My old trading desk required 10:1 ($10 annual return for each dollar of max. drawdown). If you look at CTA and hedge fund rankings the better ones are between 3:1 and 6:1.
I typically like a maxdd of less than twenty percent of equity allocation per position size. That, sharpe ratio and profit factor are major contributors to a system's viability, among others. I also think a lower win percentage is mutually inclusive with longer dd's.
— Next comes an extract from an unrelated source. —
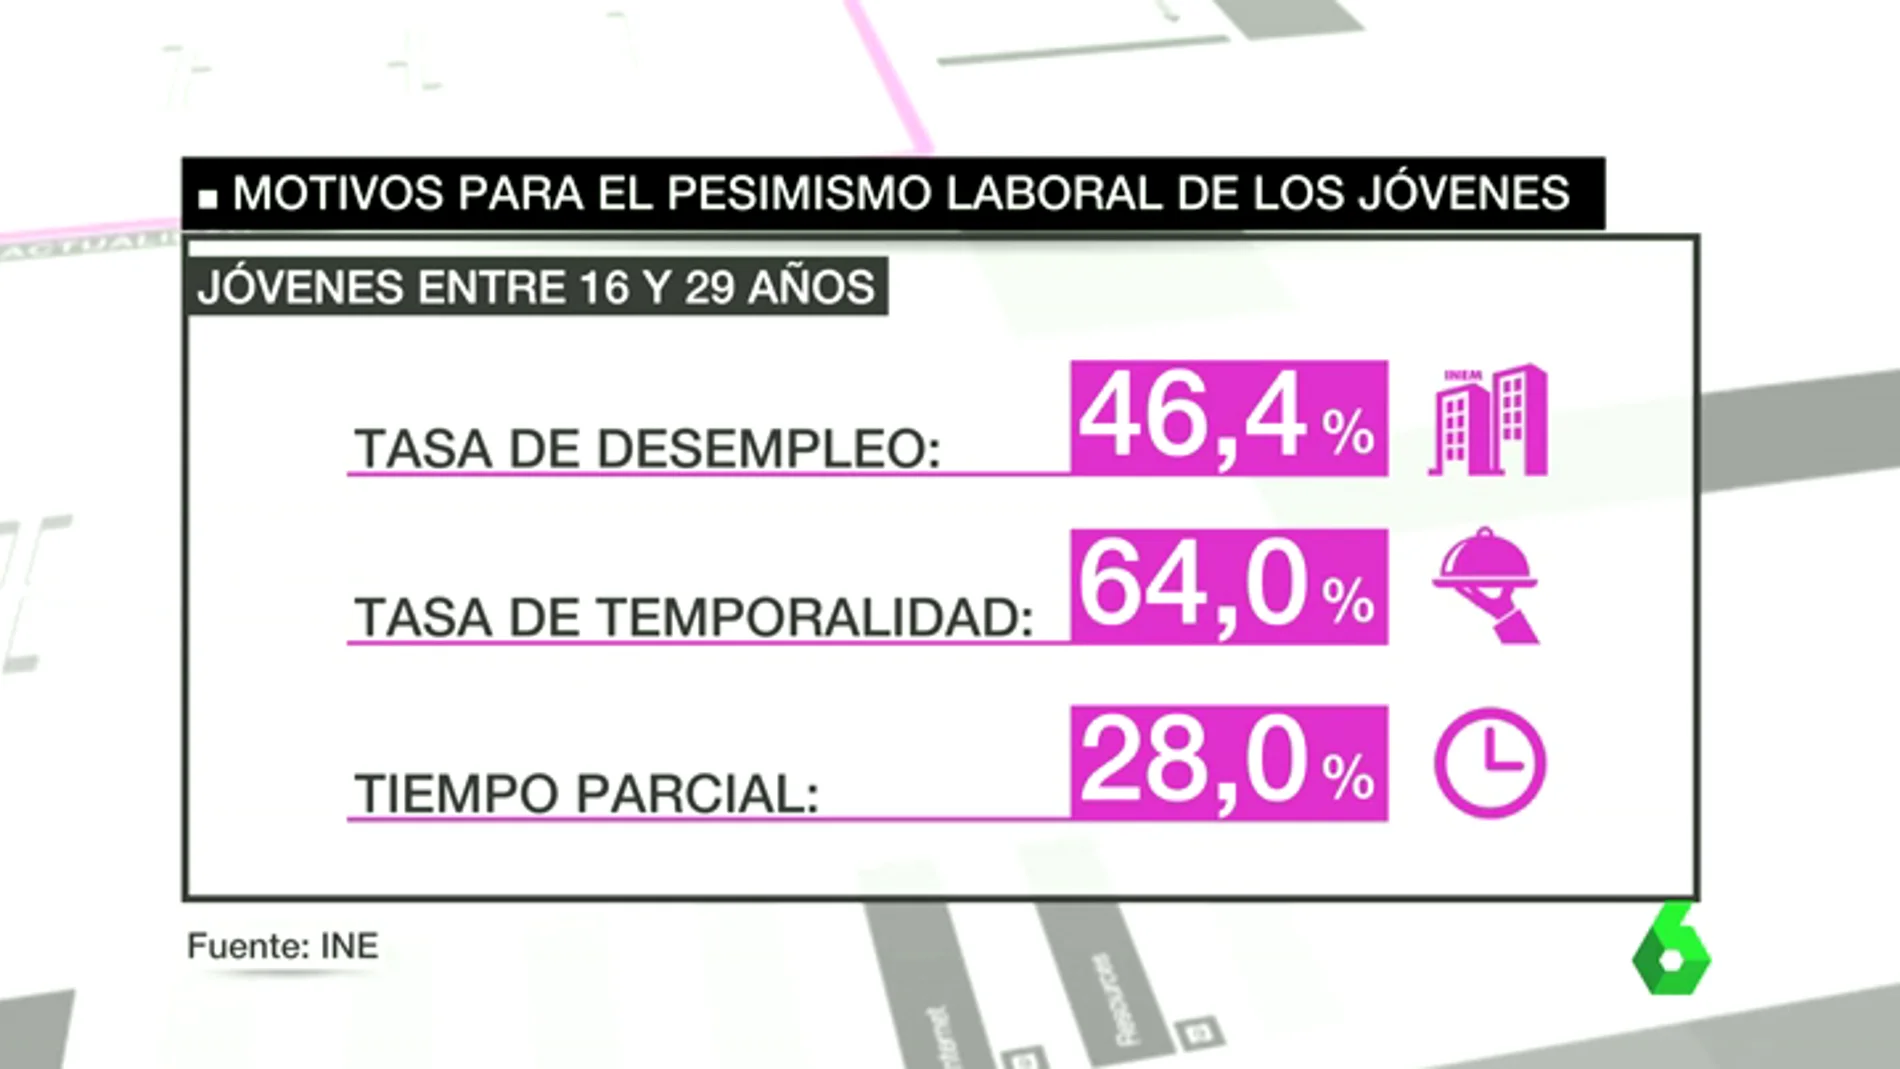 Los jóvenes españoles son los más pesimistas sobre su futuro

The point at which your skin starts to tingle, you get light-headed, you break out into a sweat, the screen begins to swim in front of your eyes, and you begin to feel as though you're going to throw up. --Db
This applies to U.S. stocks. Japanese stocks yield zero % for the last 20 years. Beside return and max DD, another figure is important - the length of the flat period. Acceptable Max DD? Depends on how much are you willing to risk. It's subjective. What's better: - earn 25% p.a. with 40% max DD or - earn 15% p.a. with 15% max DD ?
market surfer no talking around: what did you find not accurate in my post? if i was wrong please tell me where. peace
That's an easy one. The 15/15 is a superior strategy. If you use notional funding at a 2:1 ratio on the second strategy versus the first, then the 15% p.a. becomes 30% and the max. DD only grows to 30%. Beats the first strategy in both return and risk.